Tahiti
- Nicknames: Tahiti Nui XV, Aito
- Union: Fédération Tahitienne de Rugby de Polynésie Française
- Head coach: Romi Ropati
- Captain: Tunui Anania
- Top scorer: Manuarii Richmond
- Top try scorer: Manuarii Richmond
- Home stadium: Stade Pater Te Hono Nui
| First colours | Second colours |

World Rugby ranking
- Current: 96 (as of 23 November 2020)

First international
- Tahiti 0–3 Wallis and Futuna (1 September 1971)

Biggest win
- Tahiti 36–12 Solomon Islands (26 August 2015)

Biggest defeat
- Tahiti 9–102 Fiji (12 September 1983)

Medal record
Pacific Games
| Silver medal – second place | 1995 Papeete |  |
| Bronze medal – third place | 1971 Papeete |  |
| Bronze medal – third place | 1987 Noumea |  |
Pacific Mini Games
| Bronze medal – third place | 1985 Rarotonga |  |

= Tahiti national rugby union team =

The Tahiti national rugby union team is a third tier rugby union team, representing the island of Tahiti in French Polynesia, an overseas collectivity of France. They first played in 1971 and have played numerous games to date, most against rivals Cook Islands and several against Niue. Other games have been played against Samoa, Wallis and Futuna, Papua New Guinea and Tonga. France played a match against Tahiti at the end of their 1979 tour and won 92–12. Plans to have annual "test" match series against Pacific island neighbours, New Caledonia have been put on hold, due to time, availability, finances, and coaching and refereeing resources. They have yet to qualify for the Rugby World Cup. Rugby union in Tahiti is administered by the Fédération Tahitienne de Rugby de Polynésie Française. Currently, players who have represented or played for the Tahiti national rugby team, are eligible to represent France. However, playing at a professional level can only enable this. At present there are several Tahitian professional rugby players abroad in France's Top 14 and Pro D2 professional competition.

==History==

Rugby is greatly growing in popularity in Tahiti, but the national sport still remains soccer.

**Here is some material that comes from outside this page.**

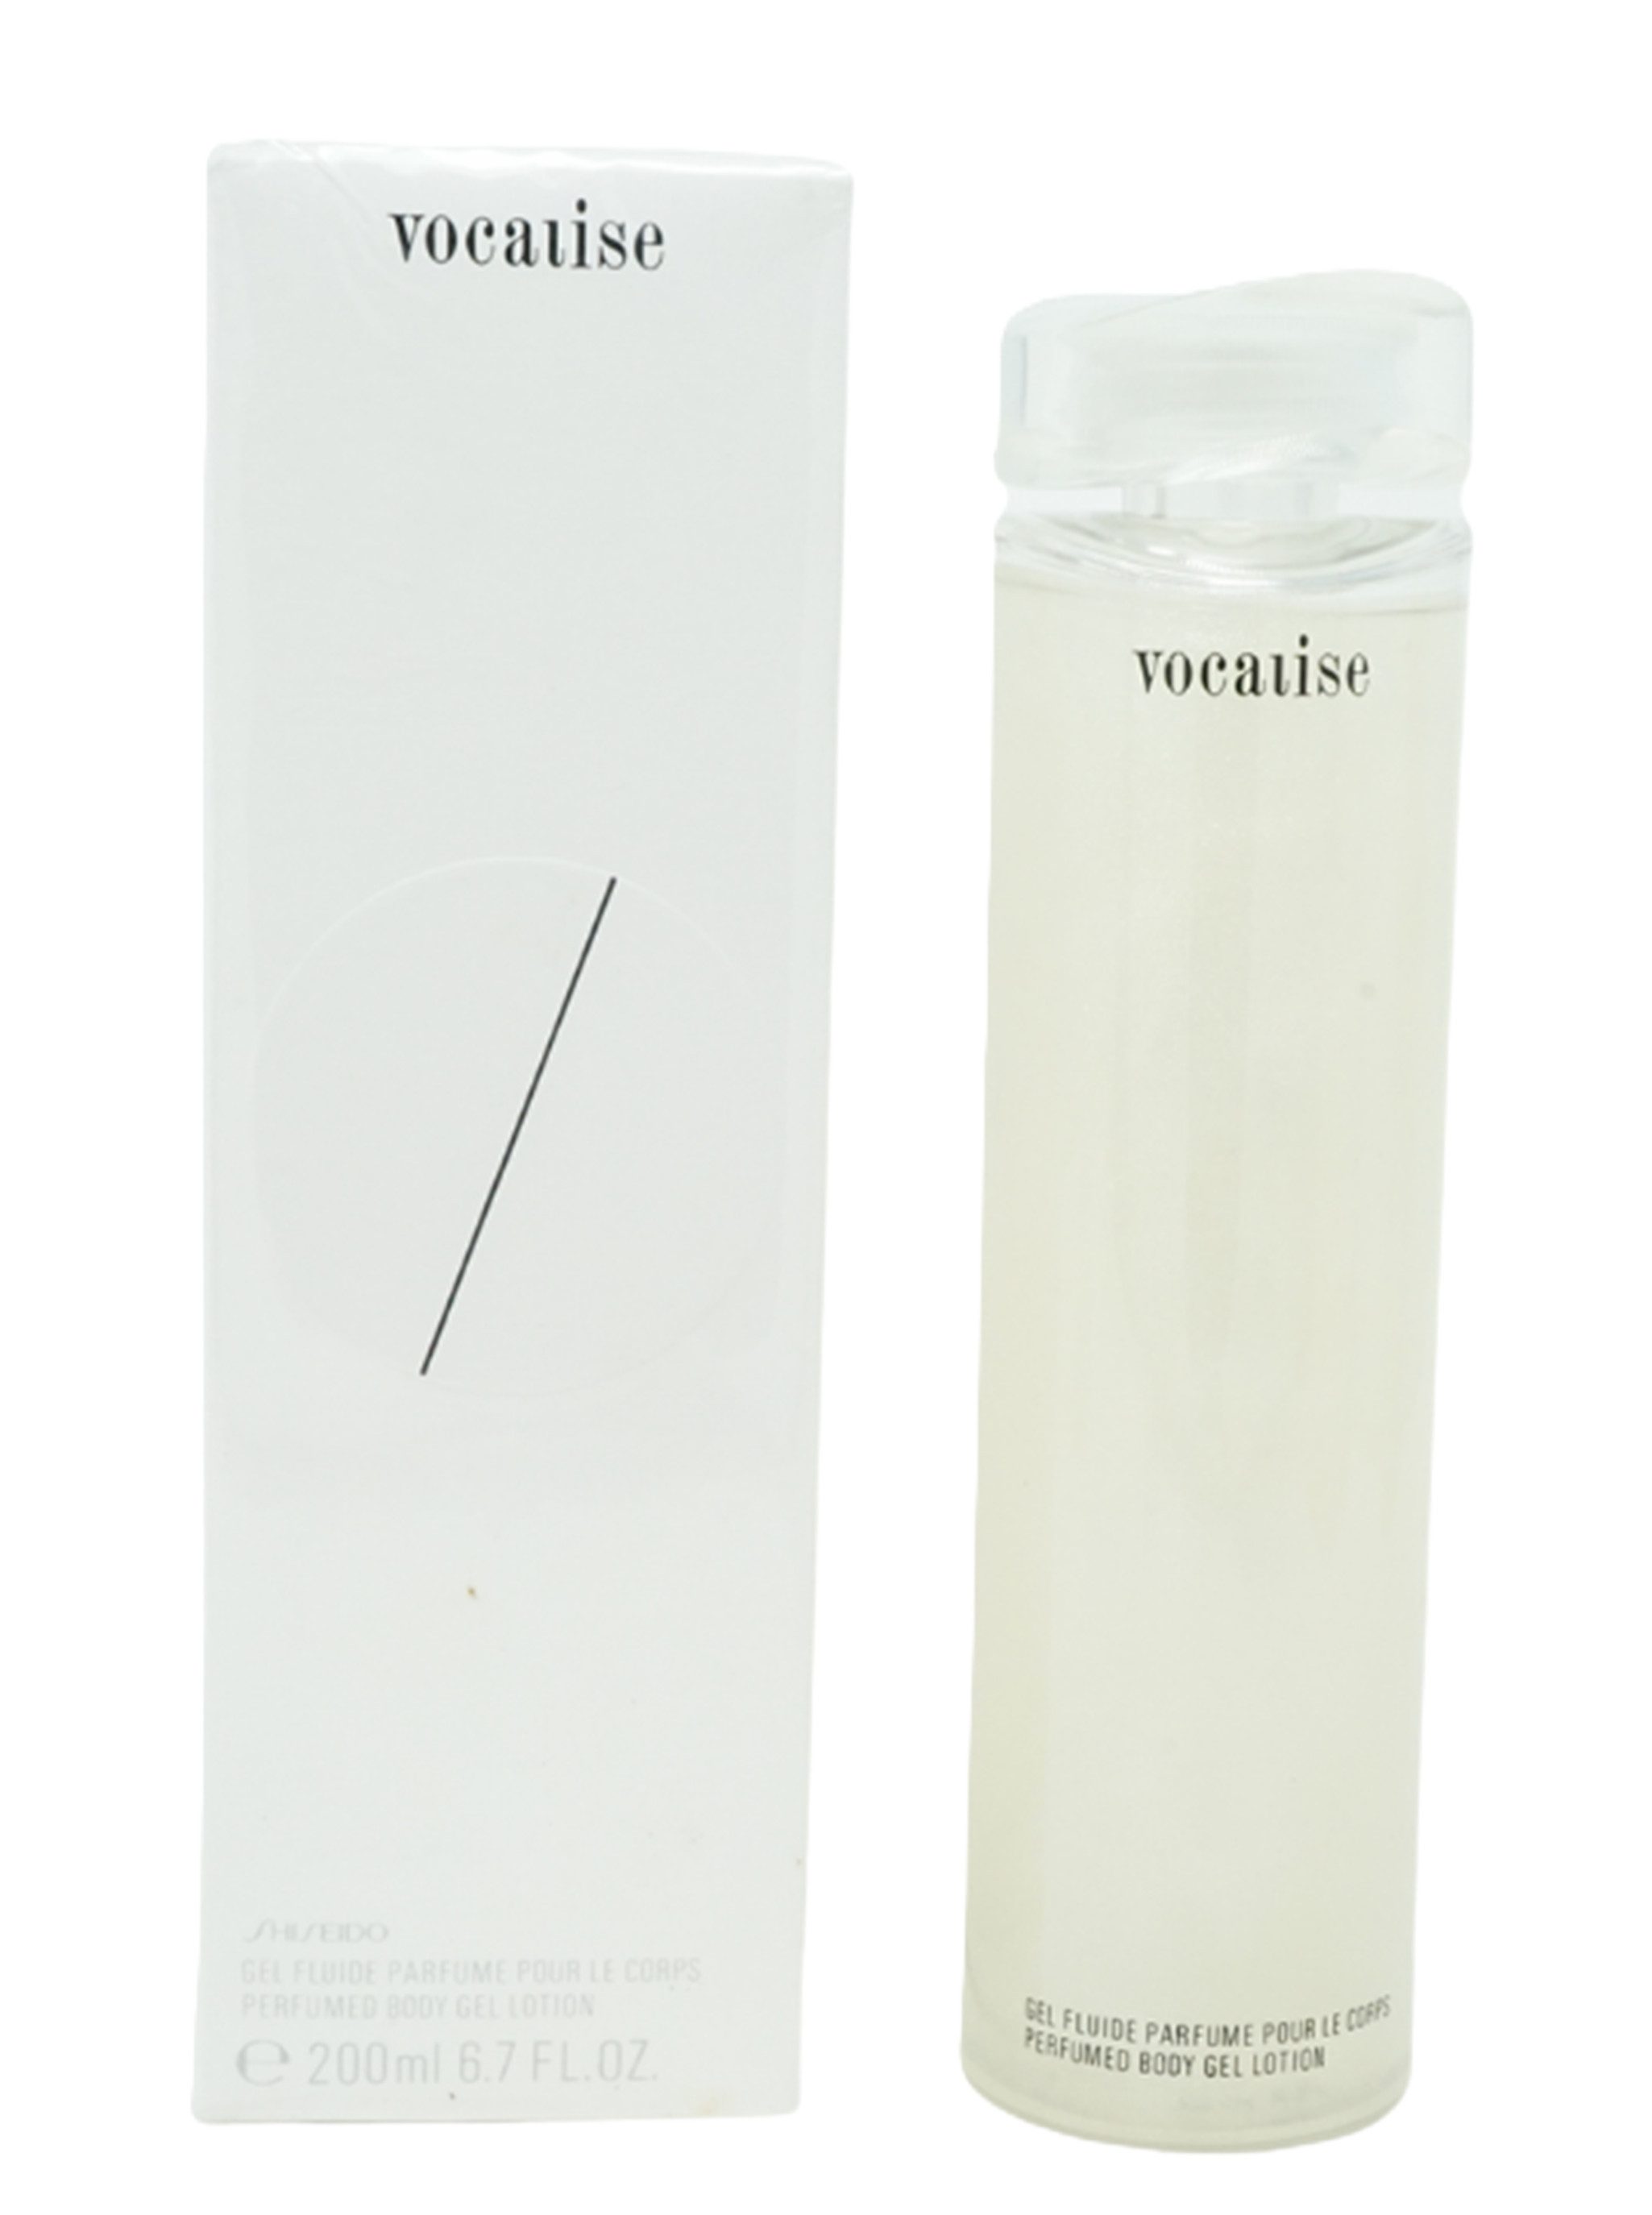 SHISEIDO Körperpflegeduft Shiseido Vocaise Perfumed Body Gel Lotion 200 ml

Rugby came to Tahiti via three separate streams, firstly, through the visits of British, New Zealand and Australian sailors; secondly, through the French presence (many of the main teams are still French military); and thirdly through contact with neighbouring Pacific islands, where the game is popular.

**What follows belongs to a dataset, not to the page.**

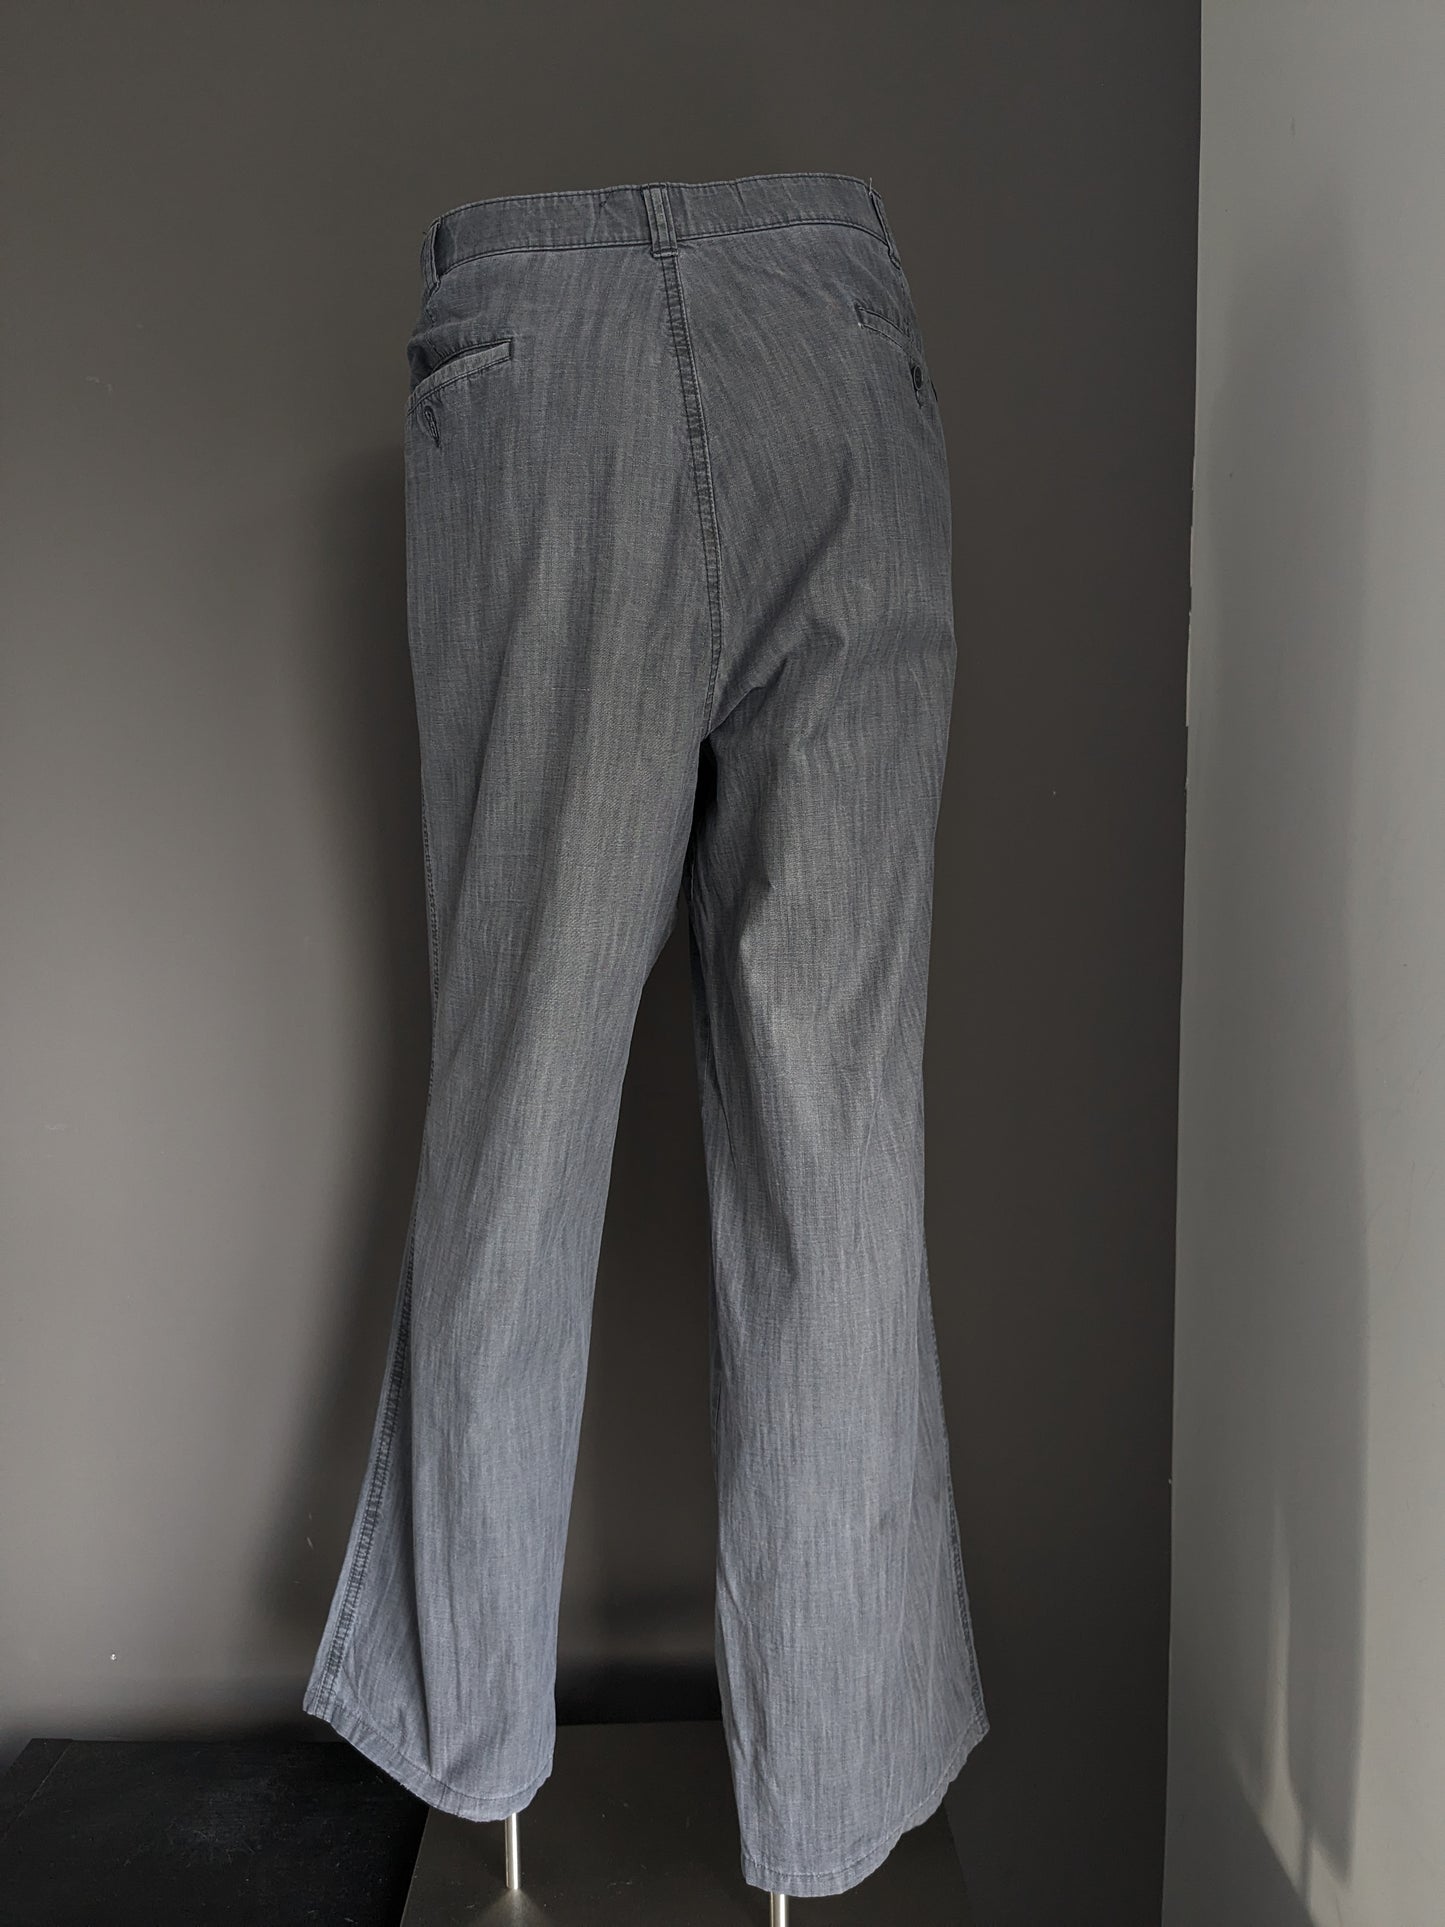 Club o pantalones / pantalones de confort. Motivo gris. Tamaño 29 (58 / 2xl / xxl)

Tahiti first played the game in 1971.

It was founded in 1989 and became affiliated to the International Rugby Board in 1994.

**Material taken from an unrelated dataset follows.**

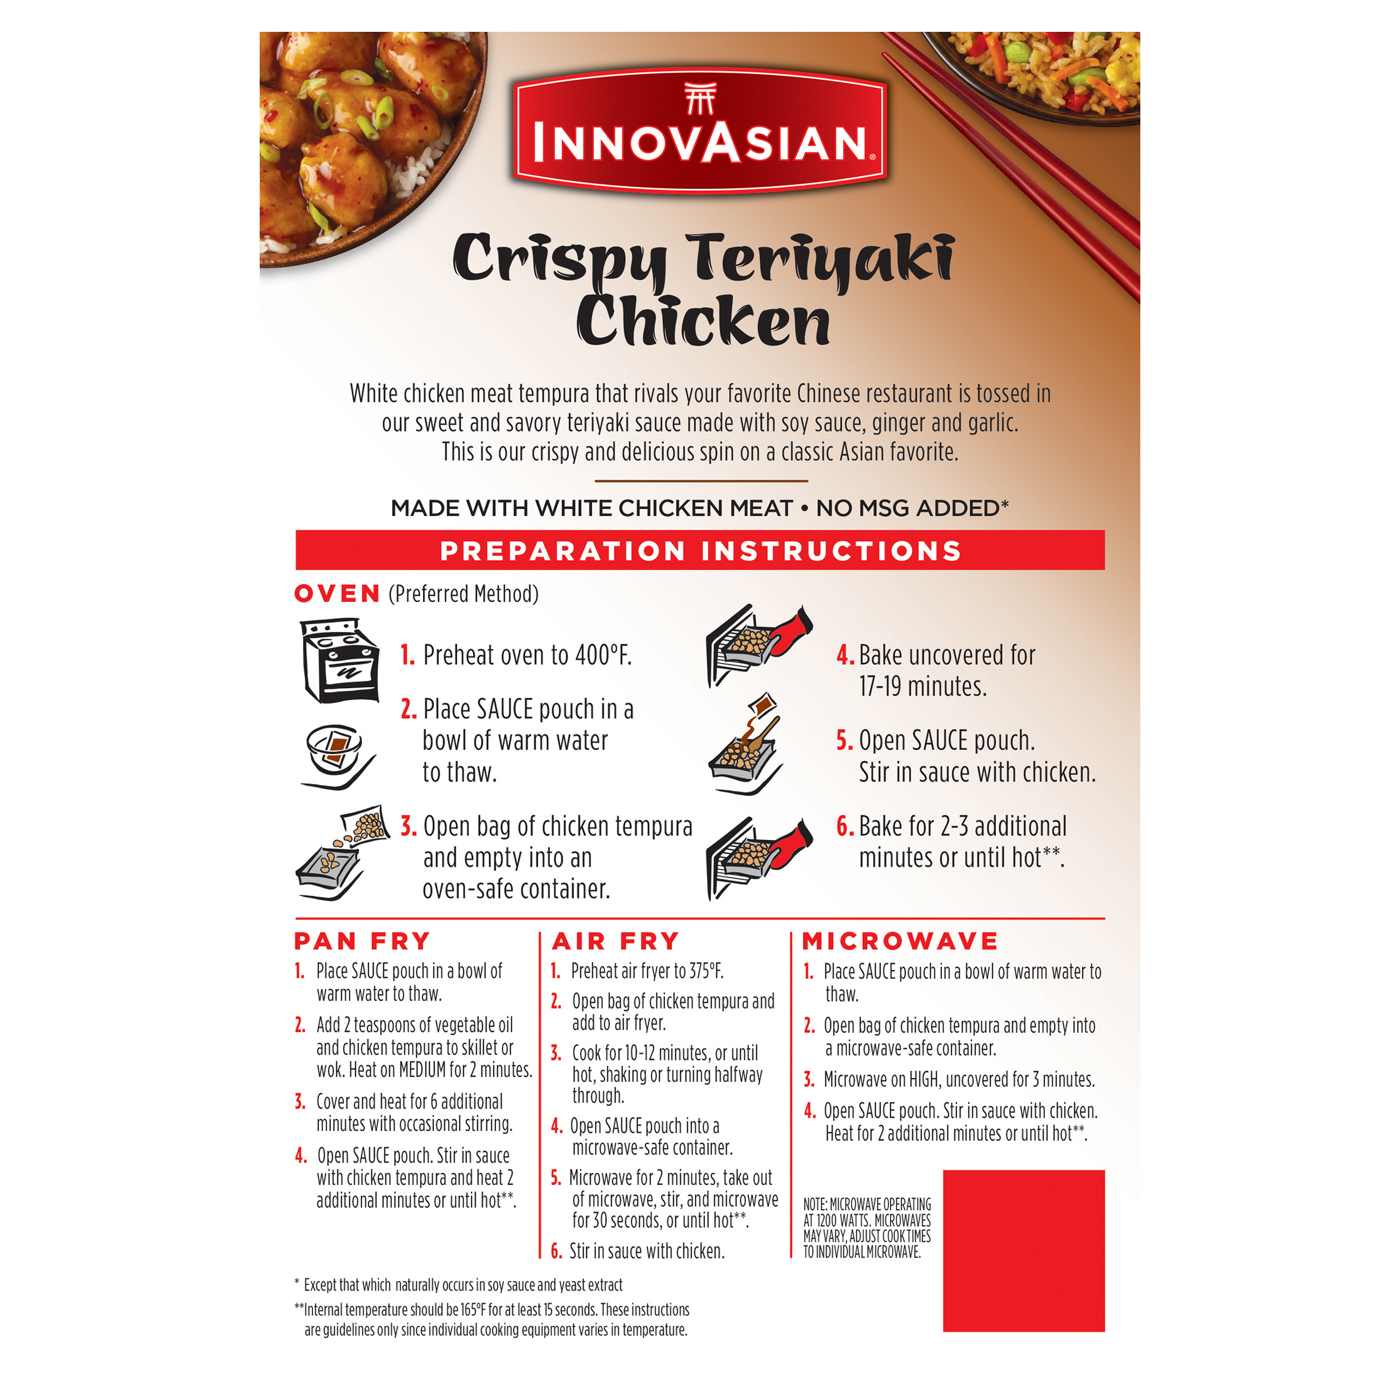 InnovAsian Frozen Crispy Teriyaki Chicken; image 7 of 7

It is also a full member of Oceania Rugby, which is the governing body for rugby union in Oceania.

Up to 2003, Tahiti played in international rugby sevens (Pacific Games) and XV-a-side, in the qualifying rounds for the Rugby World Cup.

In 2006, there were fourteen clubs in the national championship and two divisions. There were also sevens competitions, women's rugby, and under-18 rugby competitions as well.

In 2017 Tahiti won the Oceania Rugby Cup, beating their rivals Cook Islands at BCI Stadium in Rarotonga, Cook Islands by a score of 13–9.

==Uniform and colors==
Tahiti's kit are typically All red with white tribal, designs, etc. They also can be seen using a white jersey with red tribal, designs, etc. In the past they have used all white kits with red as their secondary color, and also Red jersey with the Tahitian flag colors and black shorts.

===Kit providers===

| Year | Kit Manufacturer | Main Shirt Sponsor |
|---|---|---|
| 1971–1979 |  | — |
| 1979–1980 |  | — |
| 1980–1982 |  | — |
| 1982–1983 |  | — |
| 1982–1983 |  | — |
| 1983–1997 |  | — |
| 1997–2001 |  | — |
| 2001–2003 |  | — |
| 2003–2005 | GER Puma | — |
| 2005–2006 |  | — |
| 2006–2013 |  | — |
| 2013–2015 |  | — |
| 2015–present | FRA Sportif JRH | Air Tahiti Nui |

==Home grounds==
Tahiti have played most of their home matches at Stade Pater Te Hono Nui and Stade Fautaua.

Tahiti has also hosted matches for numerous Pacific Games and Oceania Cup. They share these venues with the Tahiti national football team and club sides from both rugby and football.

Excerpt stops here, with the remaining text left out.